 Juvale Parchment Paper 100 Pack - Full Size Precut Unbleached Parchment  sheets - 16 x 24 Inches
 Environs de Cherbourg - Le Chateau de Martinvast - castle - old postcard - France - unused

==

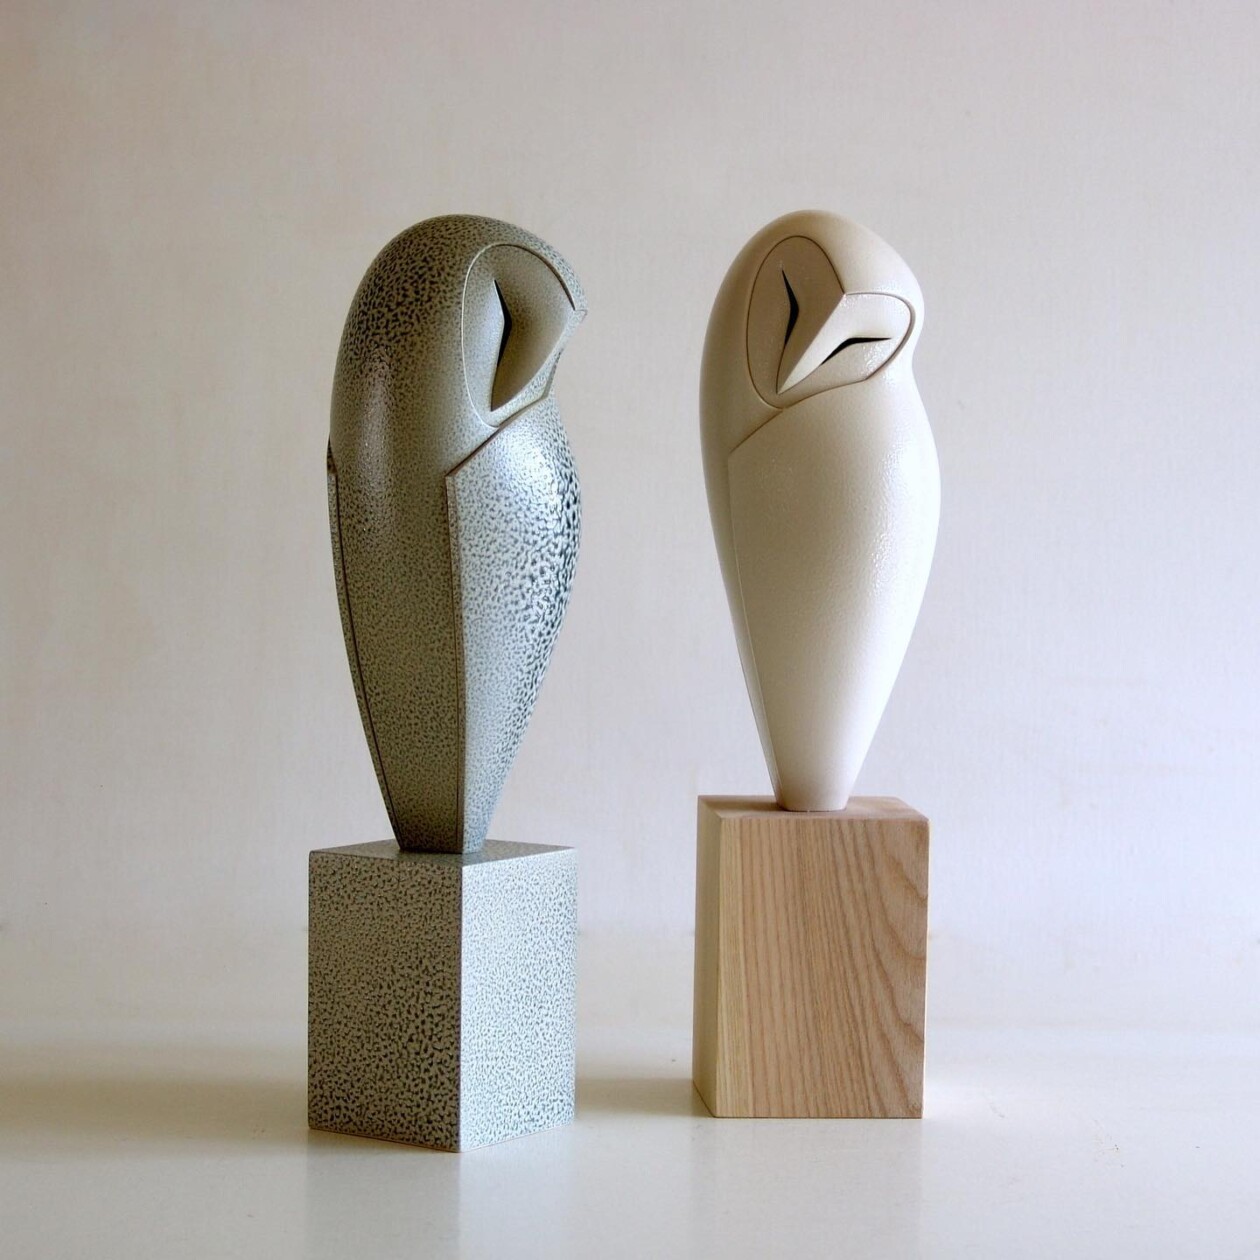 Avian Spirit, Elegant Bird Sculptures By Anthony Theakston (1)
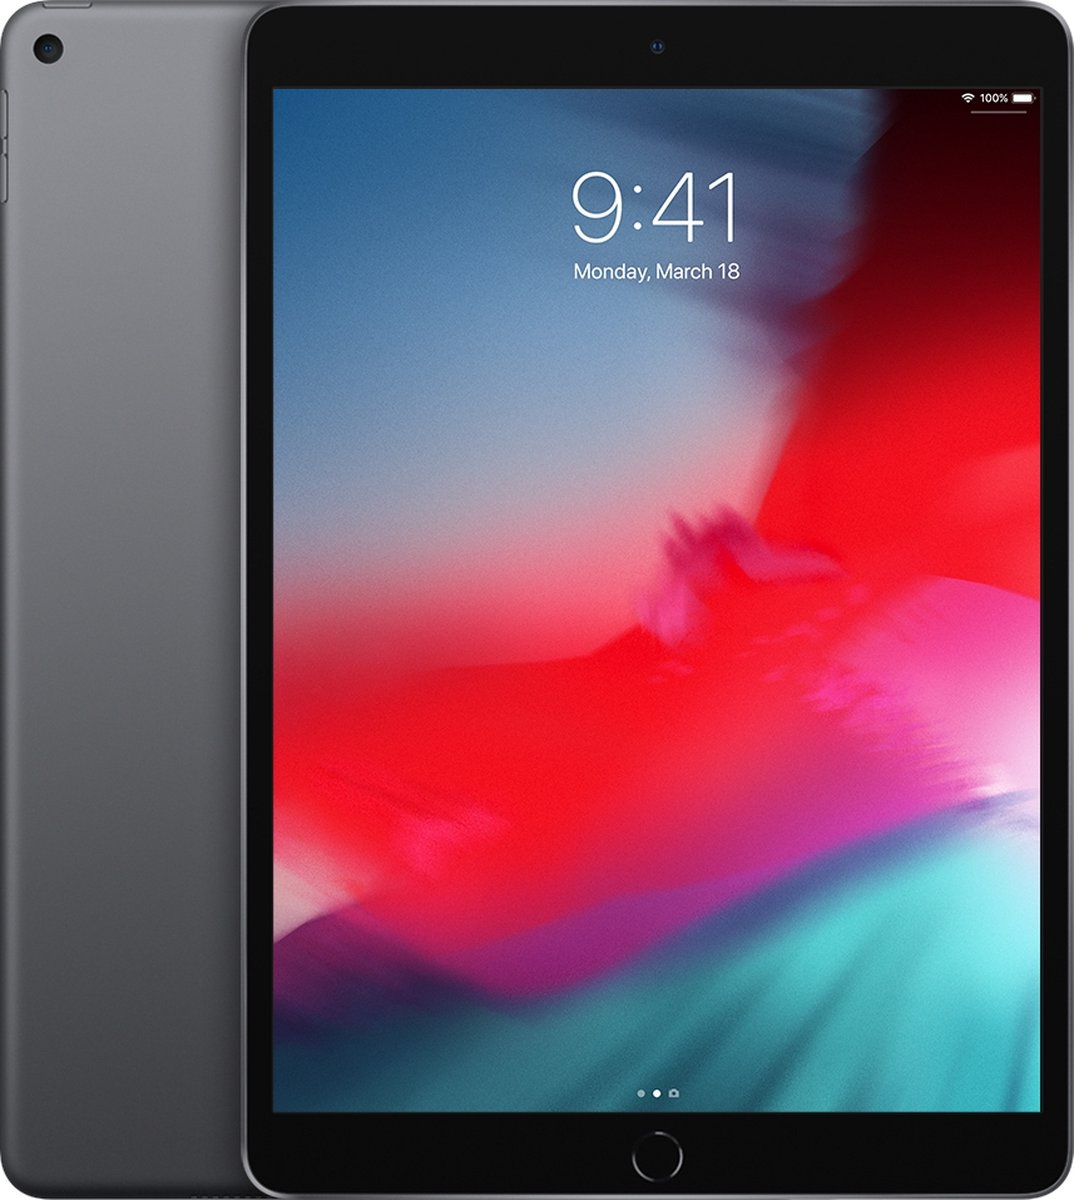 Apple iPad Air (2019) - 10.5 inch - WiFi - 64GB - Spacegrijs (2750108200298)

What is expected: Transcribe the lines above exactly, beginning at the one with "Avian Spirit, Elegant" and ending at the one with "Apple iPad Air". Include both; exclude the pictures.

Response box:
 Avian Spirit, Elegant Bird Sculptures By Anthony Theakston (1)
 Apple iPad Air (2019) - 10.5 inch - WiFi - 64GB - Spacegrijs (2750108200298)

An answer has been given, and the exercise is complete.